#### [ASSIGNMENT]
Everything from the line containing "Rhombus A rhombus" to the end of the listing, both included, should be returned exactly, apart from the pictures.

#### [DATA SECTION]
——

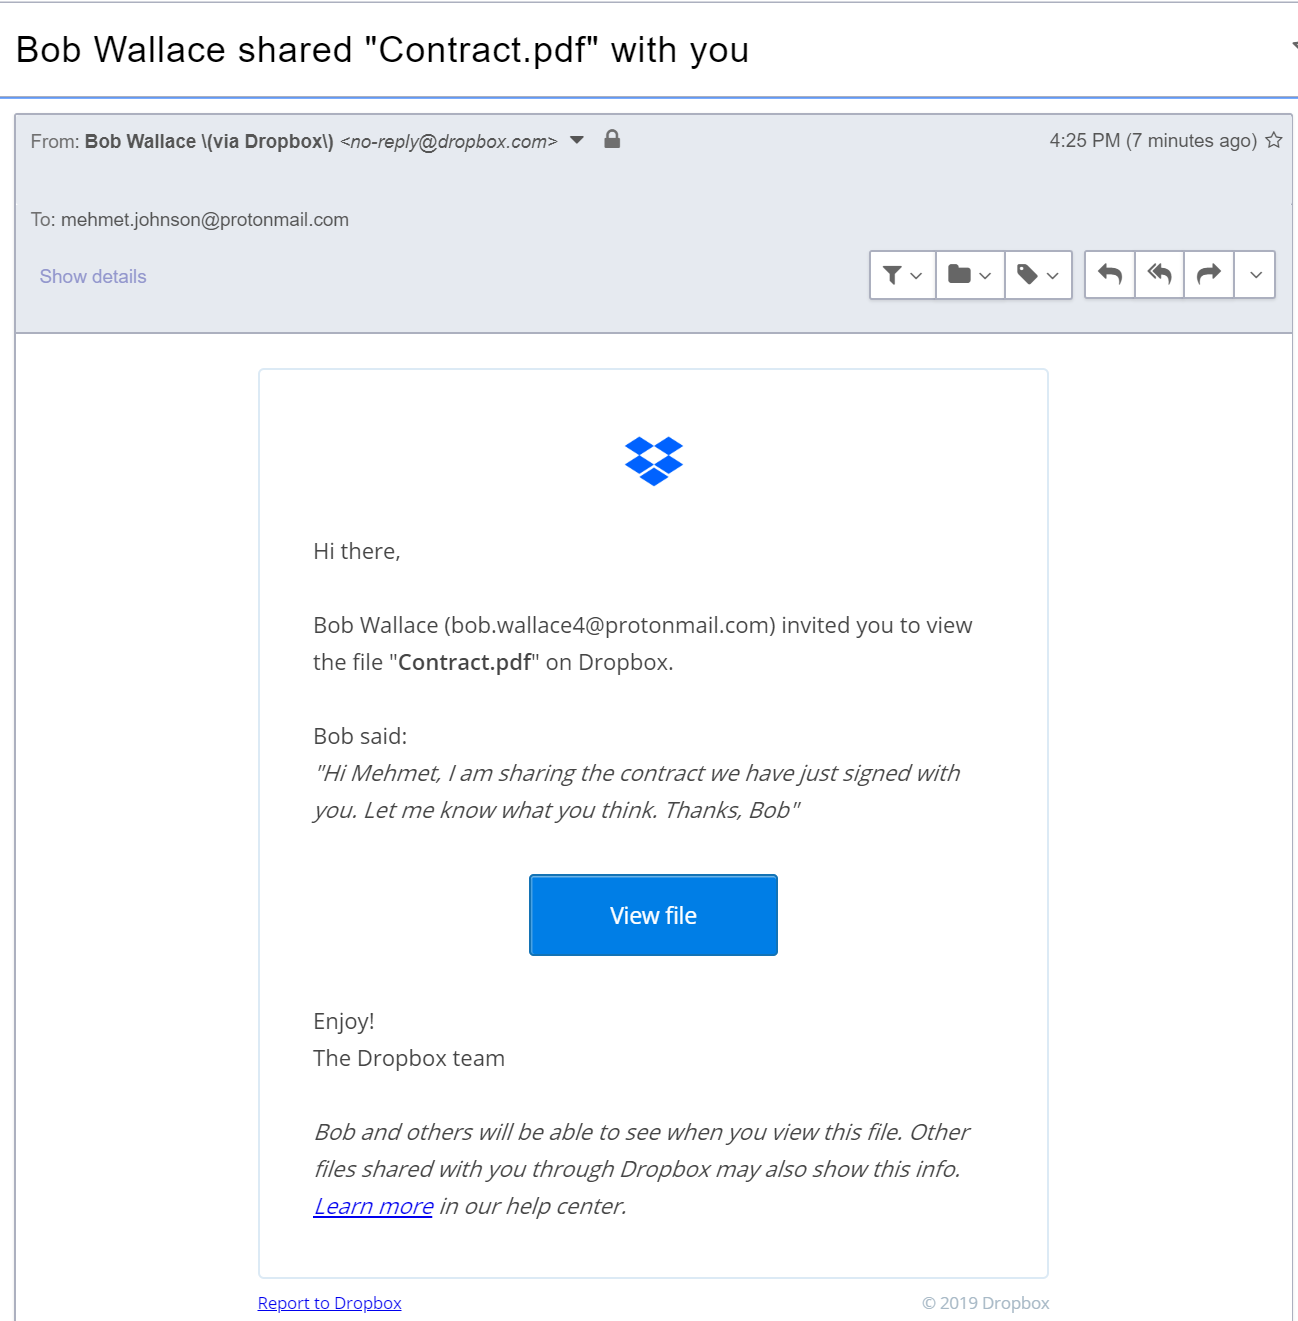 Example of a phishing email using a Dropbox file share. This incident was investigated by the Mossé Security CSIRT (Computer Security Incident Response Team).
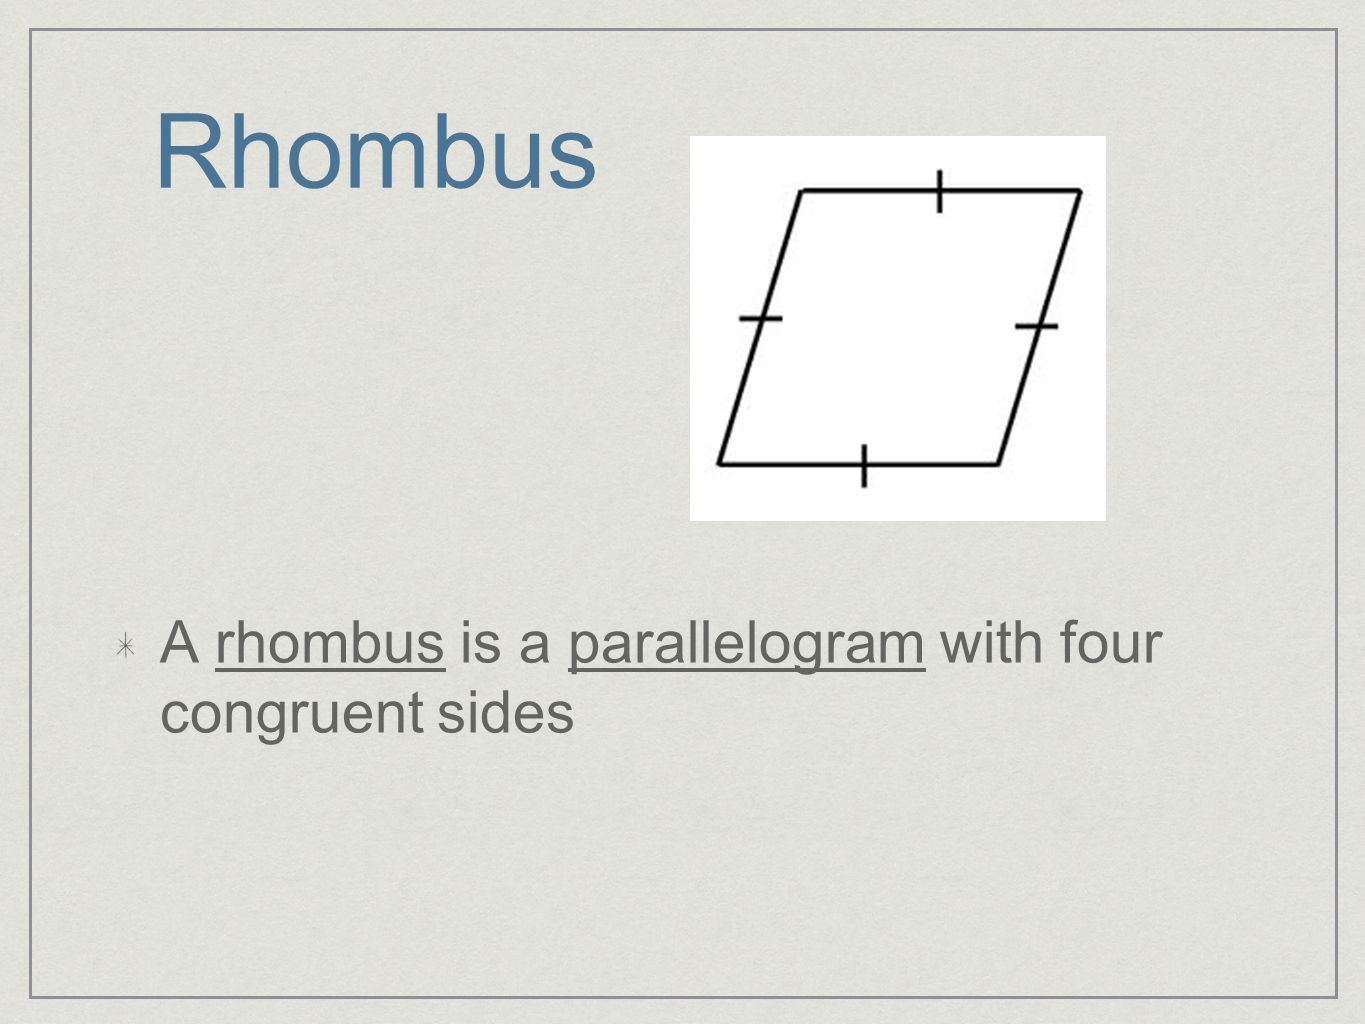 Rhombus A rhombus is a parallelogram with four congruent sides
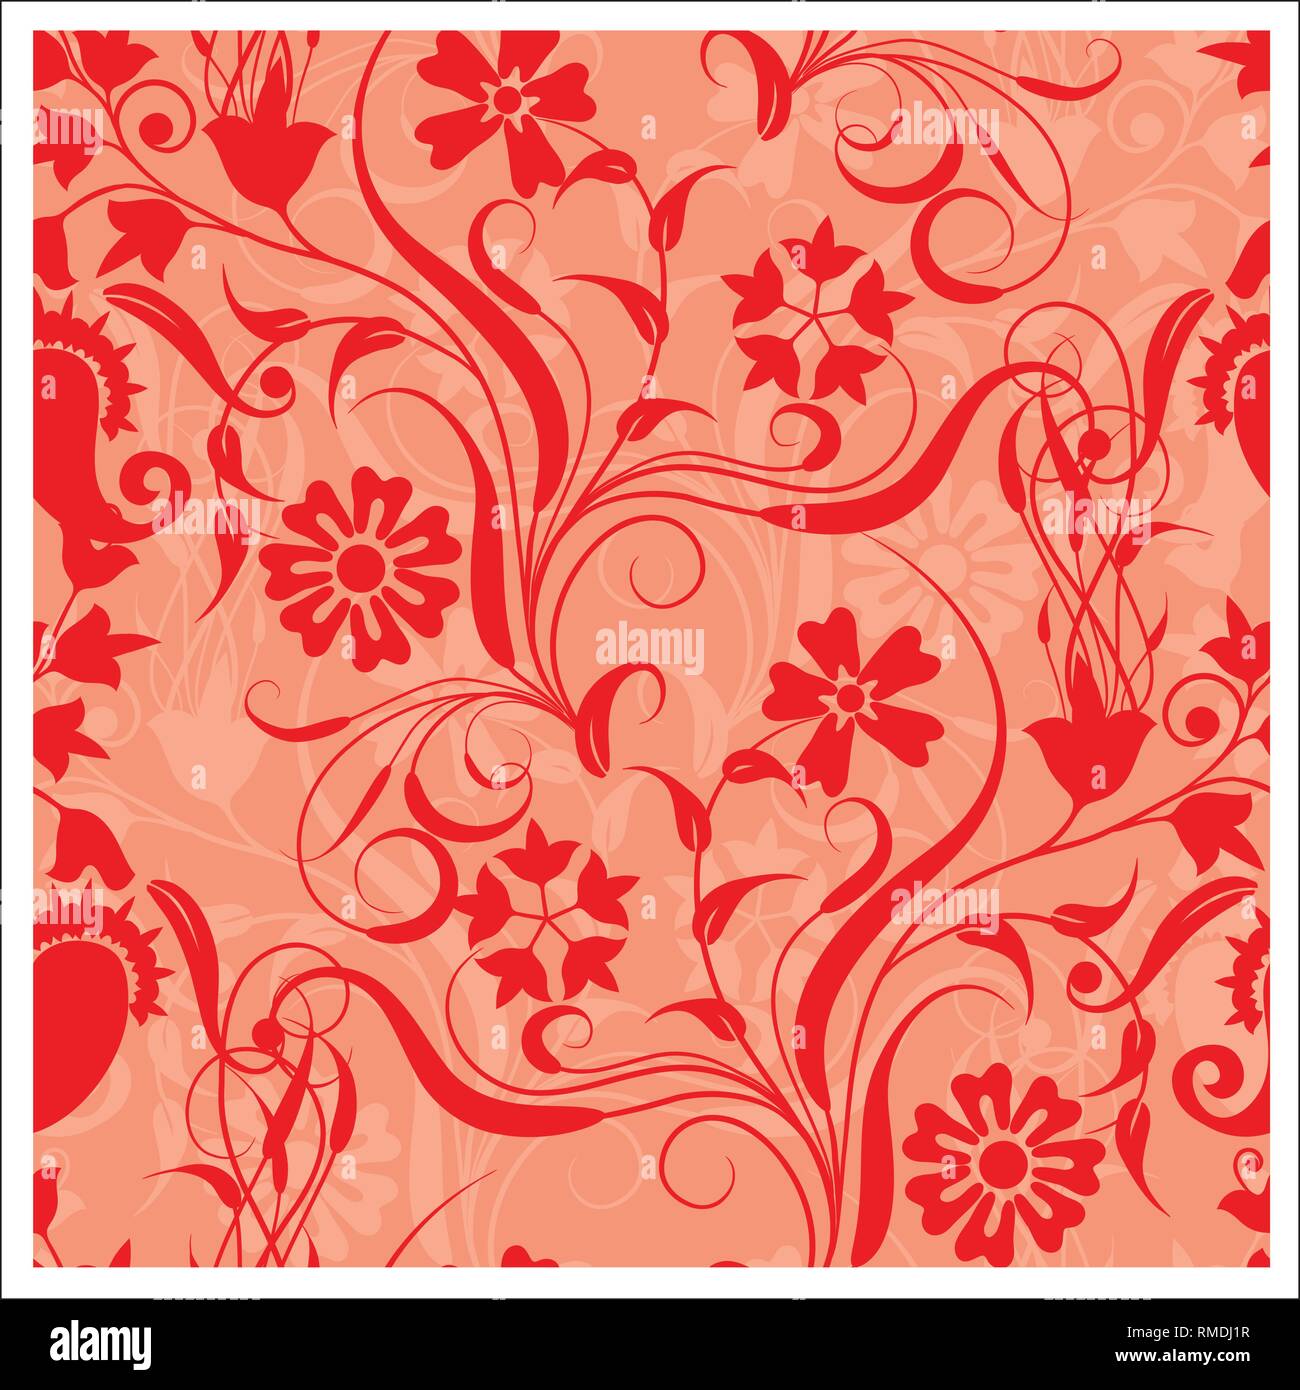 Batik design style patterns are the same for fabric design, background, home decor, wallpaper, print design, and other designs Stock Vector
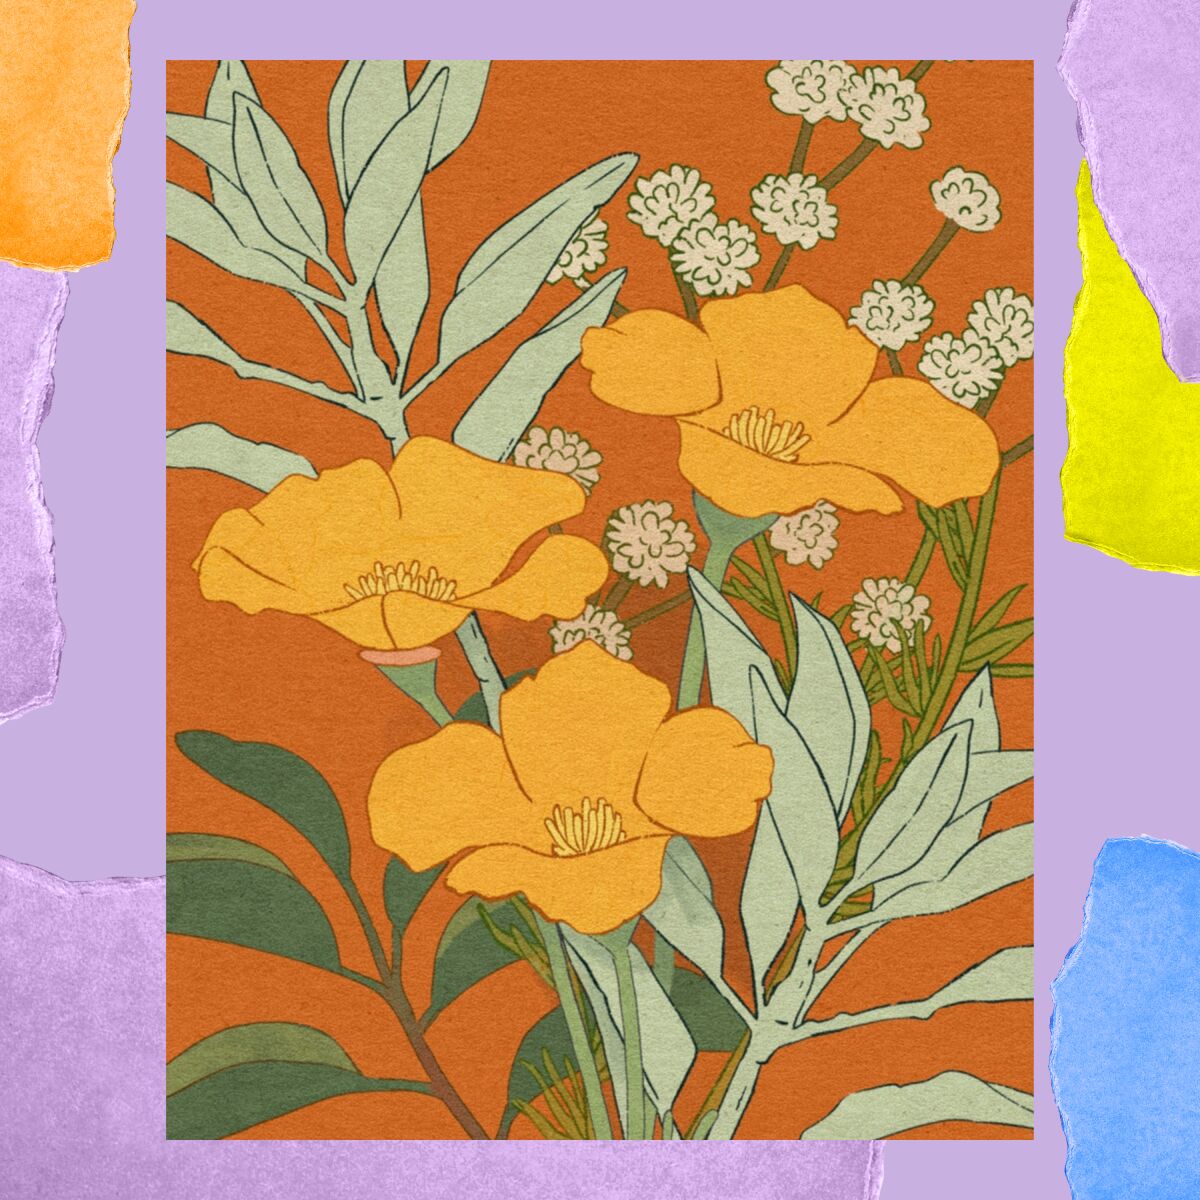 An illustration of wildflowers.

——

#### [TASK RESULT]
 Rhombus A rhombus is a parallelogram with four congruent sides
 Batik design style patterns are the same for fabric design, background, home decor, wallpaper, print design, and other designs Stock Vector
 An illustration of wildflowers.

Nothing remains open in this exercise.